Are you in the mood for love, but forgotten what love is?
Valentine’s Day is a day when people of all ages express their “love” towards people very close to them. Elementary schools are engaging in Valentine’s day activities, and some of us even go to the lengths of wearing as much red as possible. The feeling of love, need, and affection is a wonderful emotion to have, but those of us who may not have that special someone may fall victim to a not-so-special someone.
CNBC reports that Valentine’s Day and the days leading up to the holiday are ripe for online scams. The type of scams that run rapid are what some people may know as “Catfishing”. This is when you develop an online relationship with someone who is pretending to be another person, or duping you into believing something that is not true. Like money troubles.

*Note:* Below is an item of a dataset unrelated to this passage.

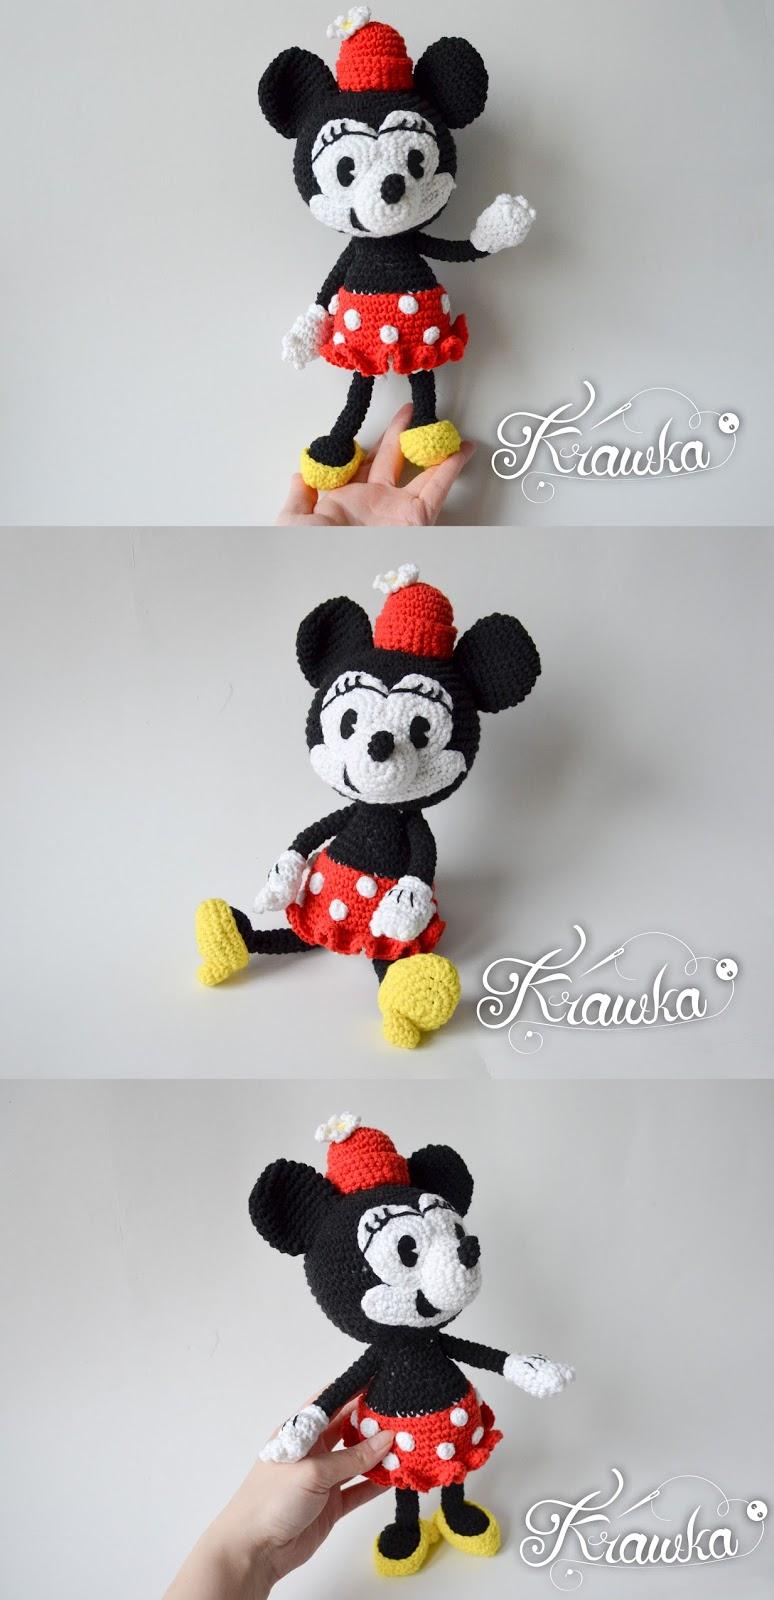 Krawka: Vintage Minnie

These types of scams are difficult to identify because many virtual or semi-virtual (face-to-face only 1 or 2 times) relationships revolve around trust. The person being scammed may not even know they are being scammed. For instance: A person met someone online. Met this person at a coffee shop or bar 1 or 2 times. Gives a story about how they moved out of the area, but really had a great time and want to keep in touch. They continue a virtual relationship with several emotional, but non-sexual exchanges remotely. Then, they start the probing to determine if you will start paying their bills by elaborating on personal troubles and exaggerating hardships to encourage financial support, as well as the dozen flowers you sent on Valentines’s day!
Fake websites selling Valentine’s day gifts are also popular right now. These sites may be on the top of search engines, or a banner on reputable site. They redirect you to another site for you to enter your credit card information. Webroot found a 220% increase in malicious URL’s before Valentine’s day last year.

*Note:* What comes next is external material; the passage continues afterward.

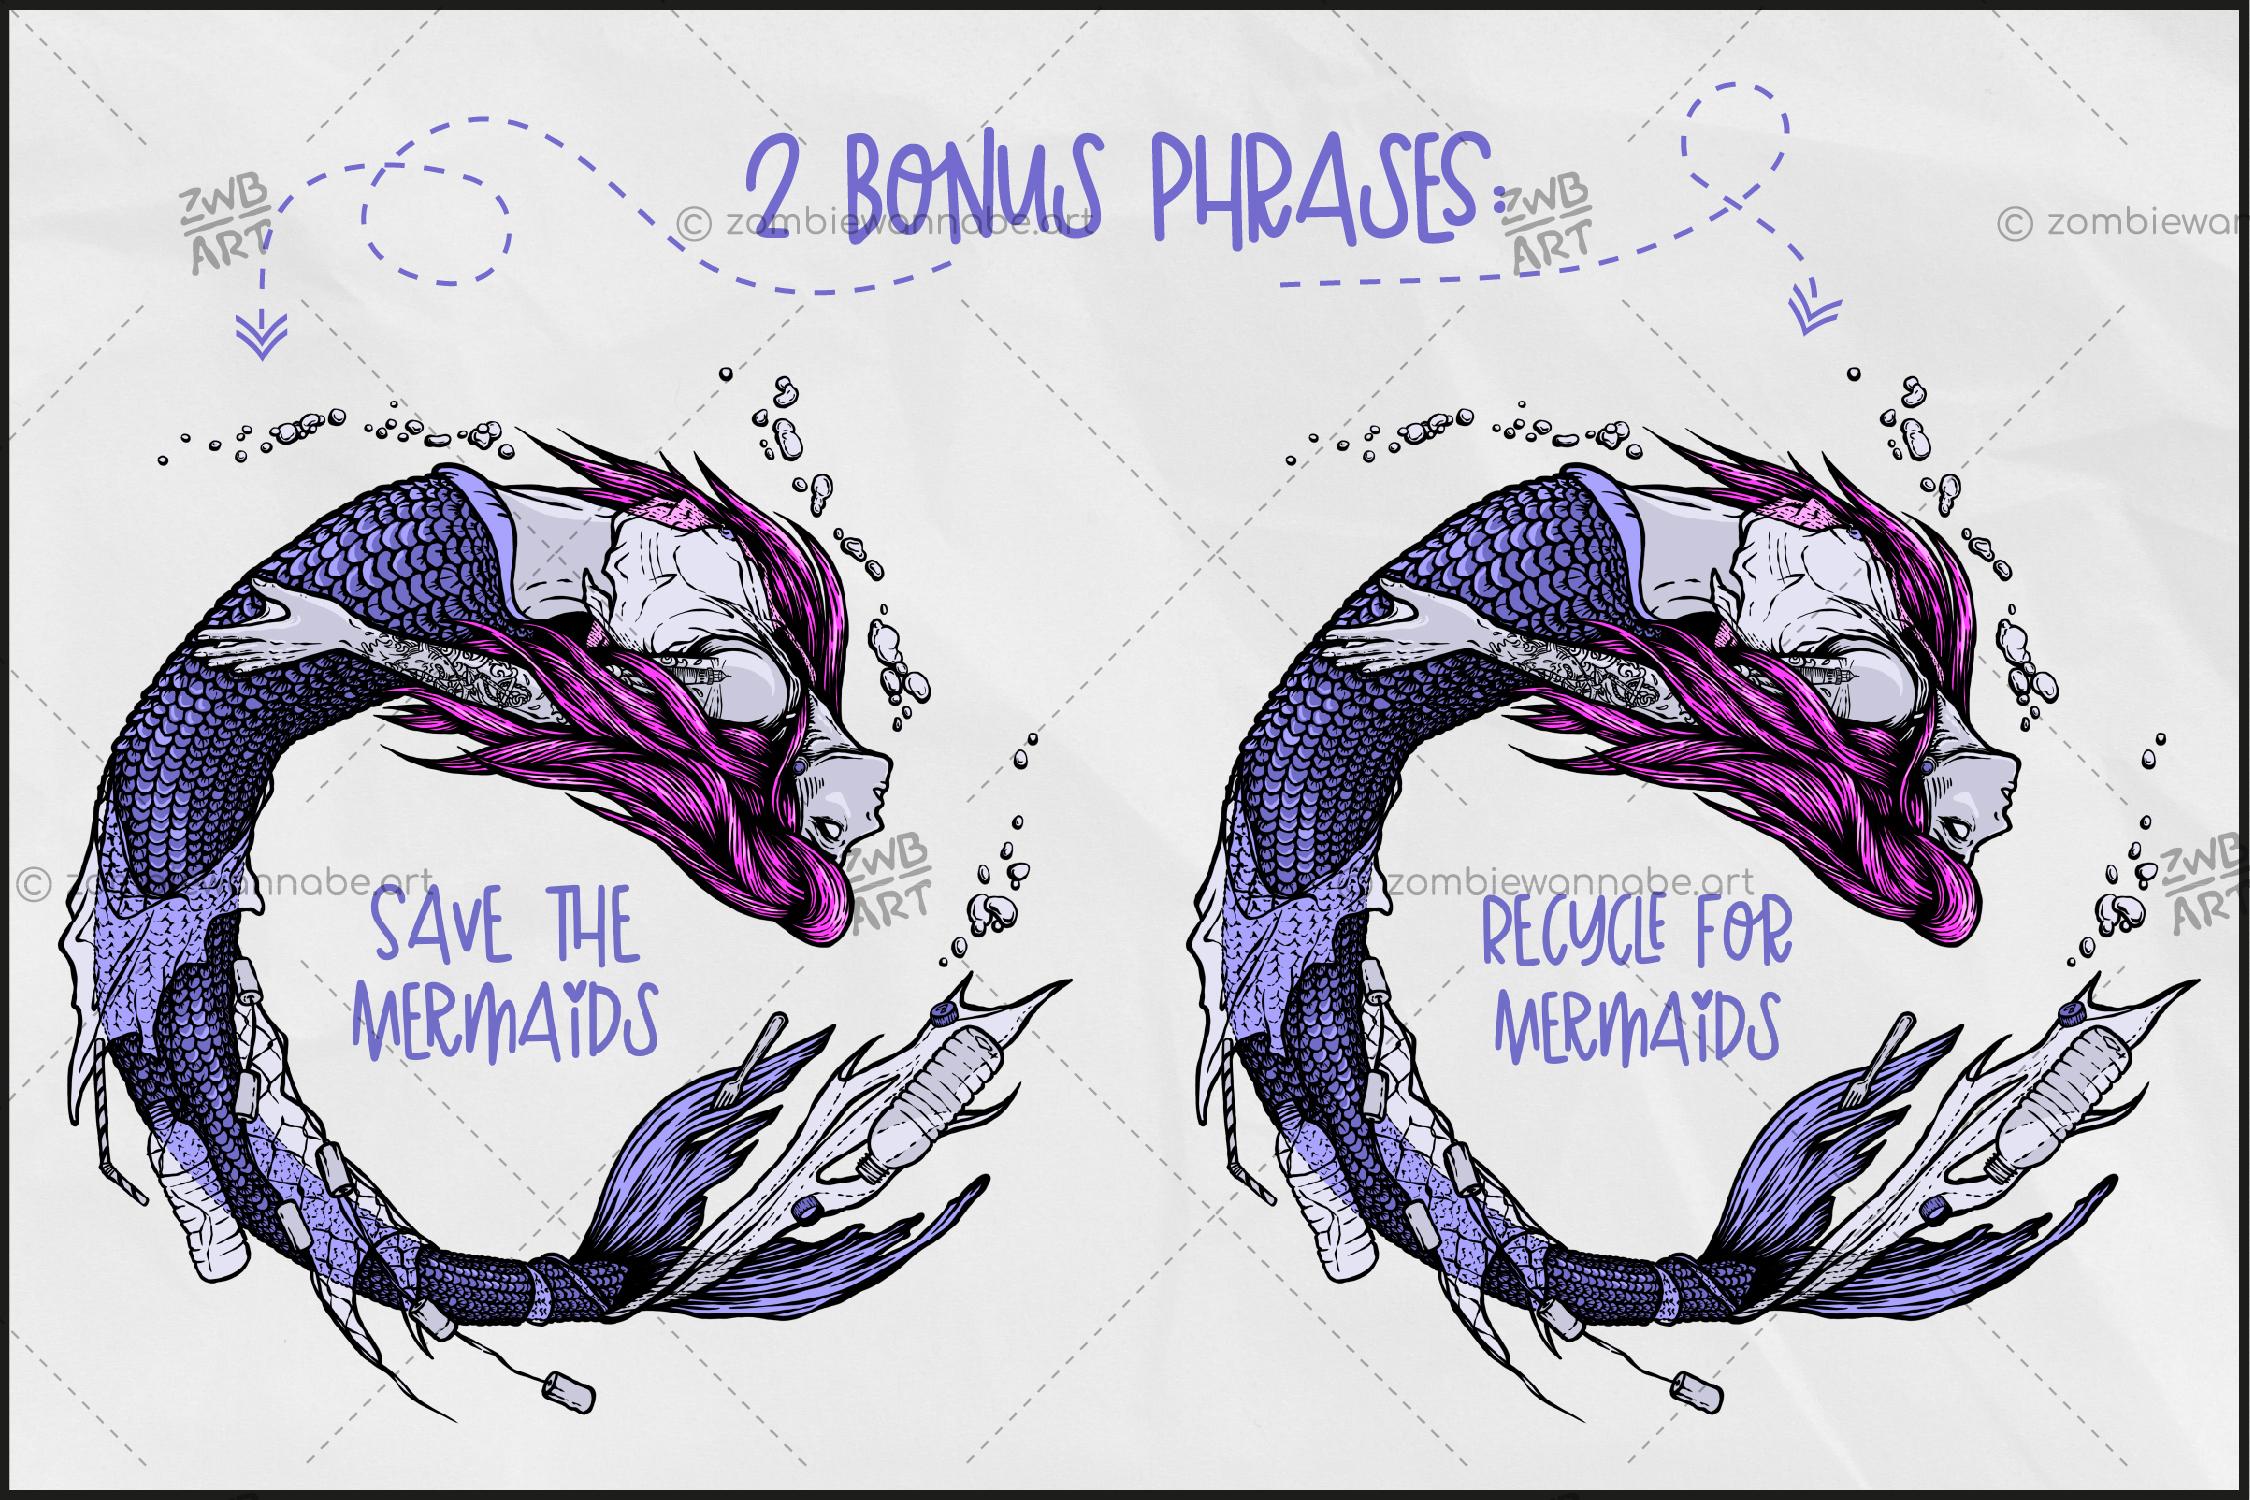 Trash Mermaid - prw5- live on DesignBundles.net

Romance fraud exceed $230 million in 2016, and represents most financial losses of all internet crimes. This was reported by the FBI.

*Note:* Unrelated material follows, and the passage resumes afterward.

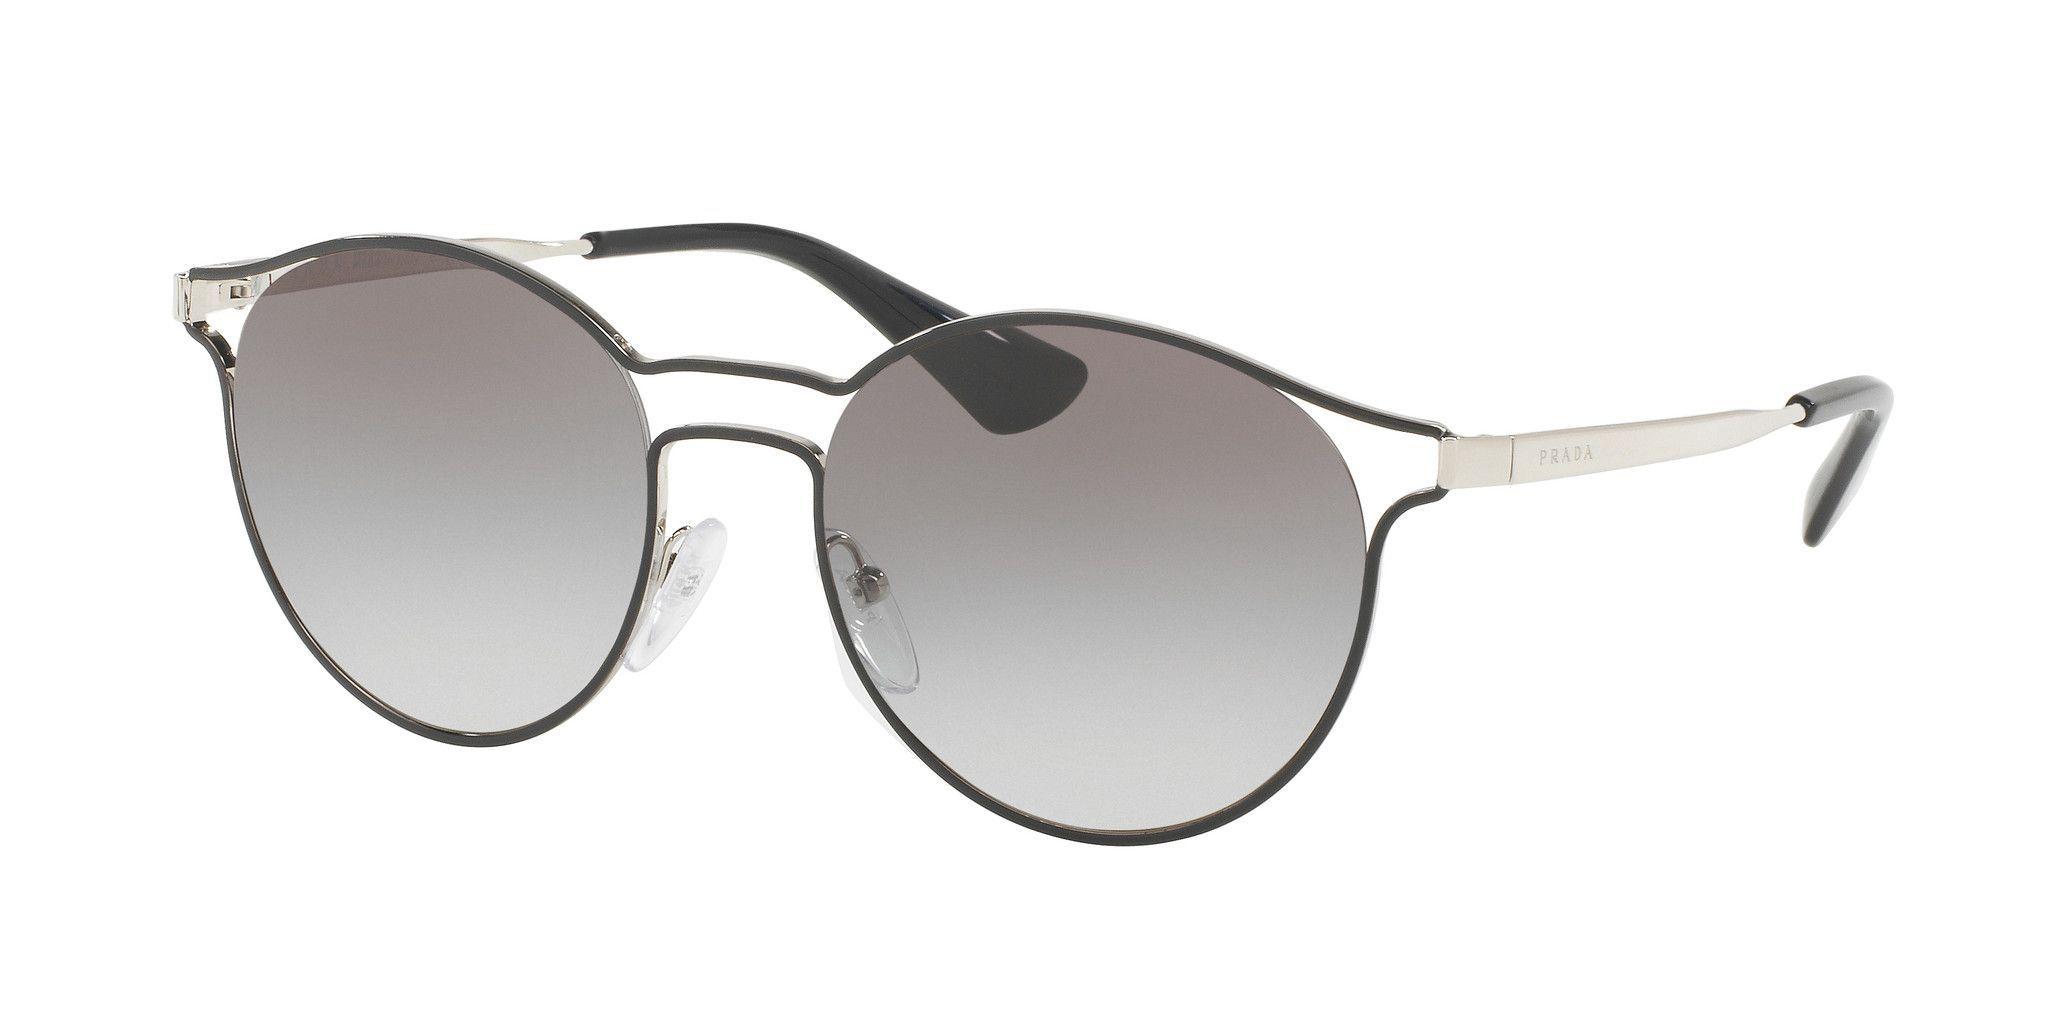 PRADA Prada Damen Sonnenbrille »CINEMA PR 62SS«, schwarz, 1AB0A7 - schwarz/grau

As cyber security professionals, sometime we don’t think about “catfishing” as a potential problem. Is it in our scope of work to identify if the CFO just got divorced and is using a dating website that may be filled with these scammers? If we were to use FIPS 199 on our employee assets, and conducted a risk assessment on our human resources, would the CFO be a “HIGH” and would the risk assessment include his divorce and/or dating website involvement? These are rhetorical questions, but the point is that we should be conscious of the largest internet scam in 2016.